Thoughts After You've Left Me With Myself Your lacking touch Is affecting how I feel About my skin; I've fallen out of love with it As you have. But I'm looking— Anything left of you To relish myself in. I don't comprehend it; How you could Forswear me here With an absent piece of you In everything I've got. See, my phone still Wakes me, But it's an alarm and Not your ringtone, and I still buy bras at Victoria's Secret But your scope of sexy Is no longer my optic, And man, I fall asleep anyway, I just can't tell you goodnight.
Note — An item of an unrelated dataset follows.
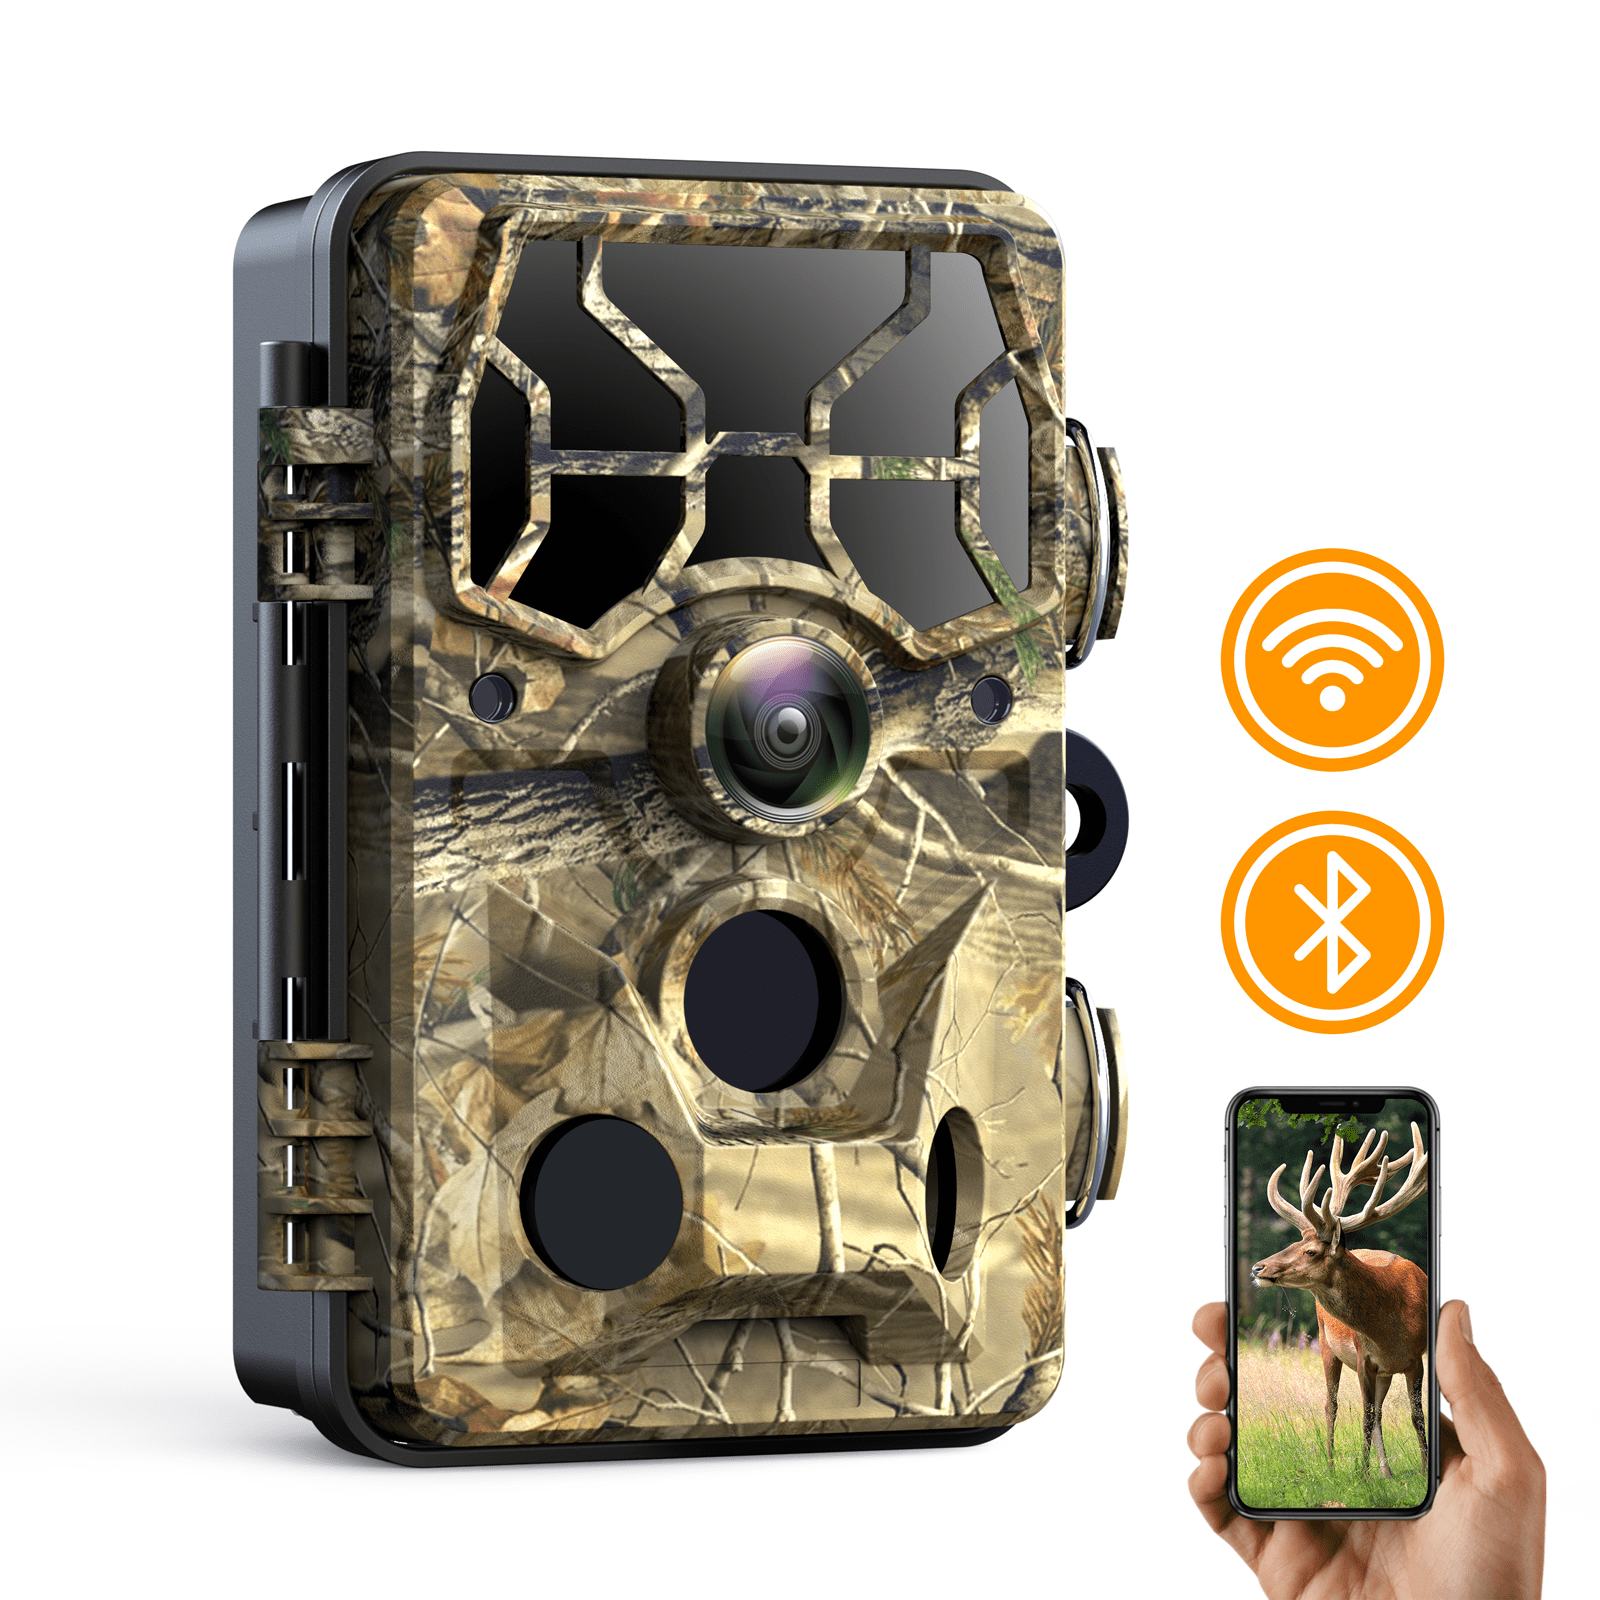 Campark t80 Waterproof WiFi trail camera with Night vision Bluetooth 1296P 20MP

If you didn't show me The unwitting perks Of always looking up; If only I didn't admire you So damn much. Maybe then I'd be released From the inapt hope I'm stranded here with (Arms open, I know you're Coming back) Maybe then I'd be forced To see The best of me Without you. My God, How much easier it'd be To undertake the sole task Of loving myself If I'd never been loved By something So damn beautiful.
Thaw Quilted by the frost Of moving on, You're calm Like those sweet First flurries of snow Before the downpour; But my sight Is marred By my own blizzards—To me you are An ice sculpture, An opus I can admire, but Can't touch, can't hug, Can't warm with my inbred need To bring you back To the right body temp, To safety; You're there Over a landscape of white blanket, Of storms, of snow I can pack and pound with my Unprotected, my wincing, Frostbit hand and throw, Throw your way, And if it hit you, it wouldn't hurt, You're already ice And I'm only human Wishing I was weightless, wishing I Could carry myself across the Waters you're pillared on Without falling through, Sliced at the ankle and Reaching— You above me, you motionless, You watching me drown in your own Fantastic and dangerous element. They say don't fight fire with fire but What about snow with ice, Cause maybe, maybe I'll aim it Right at your heart, maybe it doesn't have To hurt to shatter you a bit, Maybe you'll conclude You aren't gaining With each that I miss, and maybe By the end of the match I'll ask you to sit inside By the fireplace and maybe you will, Maybe you will and you'll be Waiting for me there with udon soup and A japanese horror flick, and it'll be like The pond defrosted, like it's spring coming, Like I really did give back Your warmth, Like the crest of the wave travels Without ever crashing to shore, Like we're floating on it, again, and We'll melt back into each other, Quilted by the sun of A pathetic, Of a fairy tale Forgiveness.